═══ RECORDS FOR THE TASK ═══
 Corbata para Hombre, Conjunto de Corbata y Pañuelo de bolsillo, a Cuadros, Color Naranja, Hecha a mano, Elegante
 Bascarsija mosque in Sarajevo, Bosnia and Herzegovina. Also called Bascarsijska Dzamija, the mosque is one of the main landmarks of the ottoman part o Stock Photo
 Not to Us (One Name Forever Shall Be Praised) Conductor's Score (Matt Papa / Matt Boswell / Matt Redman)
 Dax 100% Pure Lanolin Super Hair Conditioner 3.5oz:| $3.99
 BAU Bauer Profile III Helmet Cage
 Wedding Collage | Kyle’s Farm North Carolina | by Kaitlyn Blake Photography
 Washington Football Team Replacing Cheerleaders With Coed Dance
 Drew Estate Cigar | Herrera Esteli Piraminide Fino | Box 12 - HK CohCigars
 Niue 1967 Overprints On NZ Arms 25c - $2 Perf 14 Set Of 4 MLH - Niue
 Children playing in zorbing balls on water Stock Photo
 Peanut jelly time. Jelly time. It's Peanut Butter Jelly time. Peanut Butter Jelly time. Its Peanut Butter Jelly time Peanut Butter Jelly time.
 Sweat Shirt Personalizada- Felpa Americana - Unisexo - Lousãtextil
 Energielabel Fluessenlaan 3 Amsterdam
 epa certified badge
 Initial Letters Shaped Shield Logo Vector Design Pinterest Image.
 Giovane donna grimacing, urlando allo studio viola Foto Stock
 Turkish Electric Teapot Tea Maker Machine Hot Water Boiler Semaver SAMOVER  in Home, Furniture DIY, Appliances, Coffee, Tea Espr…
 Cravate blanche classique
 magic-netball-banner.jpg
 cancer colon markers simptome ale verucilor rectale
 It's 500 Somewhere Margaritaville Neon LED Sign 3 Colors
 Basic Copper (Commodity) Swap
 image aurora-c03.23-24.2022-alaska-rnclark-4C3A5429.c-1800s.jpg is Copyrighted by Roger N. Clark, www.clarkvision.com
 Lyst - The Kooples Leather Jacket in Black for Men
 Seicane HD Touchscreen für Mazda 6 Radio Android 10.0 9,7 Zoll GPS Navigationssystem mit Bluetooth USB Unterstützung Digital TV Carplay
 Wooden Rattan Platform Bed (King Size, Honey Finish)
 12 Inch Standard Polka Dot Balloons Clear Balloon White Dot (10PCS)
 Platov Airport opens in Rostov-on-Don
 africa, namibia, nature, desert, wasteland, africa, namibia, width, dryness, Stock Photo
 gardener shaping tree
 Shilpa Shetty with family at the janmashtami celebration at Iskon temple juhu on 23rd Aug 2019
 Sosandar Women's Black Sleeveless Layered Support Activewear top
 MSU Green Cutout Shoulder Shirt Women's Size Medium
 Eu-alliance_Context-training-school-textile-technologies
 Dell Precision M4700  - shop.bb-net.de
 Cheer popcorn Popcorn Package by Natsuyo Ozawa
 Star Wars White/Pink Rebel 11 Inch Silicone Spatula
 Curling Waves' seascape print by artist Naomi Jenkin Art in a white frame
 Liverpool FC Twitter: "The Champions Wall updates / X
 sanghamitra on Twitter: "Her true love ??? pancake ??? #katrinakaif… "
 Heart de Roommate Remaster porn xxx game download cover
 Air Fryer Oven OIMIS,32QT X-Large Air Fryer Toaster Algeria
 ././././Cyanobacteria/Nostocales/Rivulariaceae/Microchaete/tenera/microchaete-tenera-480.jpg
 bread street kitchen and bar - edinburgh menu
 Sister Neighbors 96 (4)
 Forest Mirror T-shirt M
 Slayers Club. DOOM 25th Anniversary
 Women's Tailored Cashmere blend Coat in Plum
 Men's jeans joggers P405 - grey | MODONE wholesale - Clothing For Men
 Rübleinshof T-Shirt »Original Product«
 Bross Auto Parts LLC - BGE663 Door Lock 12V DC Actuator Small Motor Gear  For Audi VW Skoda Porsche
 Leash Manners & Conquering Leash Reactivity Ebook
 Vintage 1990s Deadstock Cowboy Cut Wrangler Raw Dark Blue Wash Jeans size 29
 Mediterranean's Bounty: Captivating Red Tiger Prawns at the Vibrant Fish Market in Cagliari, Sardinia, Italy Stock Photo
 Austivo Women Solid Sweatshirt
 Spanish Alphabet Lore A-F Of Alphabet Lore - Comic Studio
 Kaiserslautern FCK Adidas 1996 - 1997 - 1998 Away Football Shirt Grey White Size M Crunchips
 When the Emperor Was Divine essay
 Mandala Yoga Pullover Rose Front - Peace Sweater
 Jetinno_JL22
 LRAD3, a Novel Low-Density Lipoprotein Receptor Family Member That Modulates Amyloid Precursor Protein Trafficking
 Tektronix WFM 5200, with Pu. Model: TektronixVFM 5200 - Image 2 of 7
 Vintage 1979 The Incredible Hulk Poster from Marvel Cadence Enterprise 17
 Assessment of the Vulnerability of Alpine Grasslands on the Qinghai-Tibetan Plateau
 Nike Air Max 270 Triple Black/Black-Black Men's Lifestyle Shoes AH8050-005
═══
Since only part of the listing is wanted, copy exactly the lines from the one holding "Women's Tailored Cashmere blend Coat in Plum" to the one holding "Bross Auto Parts", both included.

## FINISHED TASK:
 Women's Tailored Cashmere blend Coat in Plum
 Men's jeans joggers P405 - grey | MODONE wholesale - Clothing For Men
 Rübleinshof T-Shirt »Original Product«
 Bross Auto Parts LLC - BGE663 Door Lock 12V DC Actuator Small Motor Gear  For Audi VW Skoda Porsche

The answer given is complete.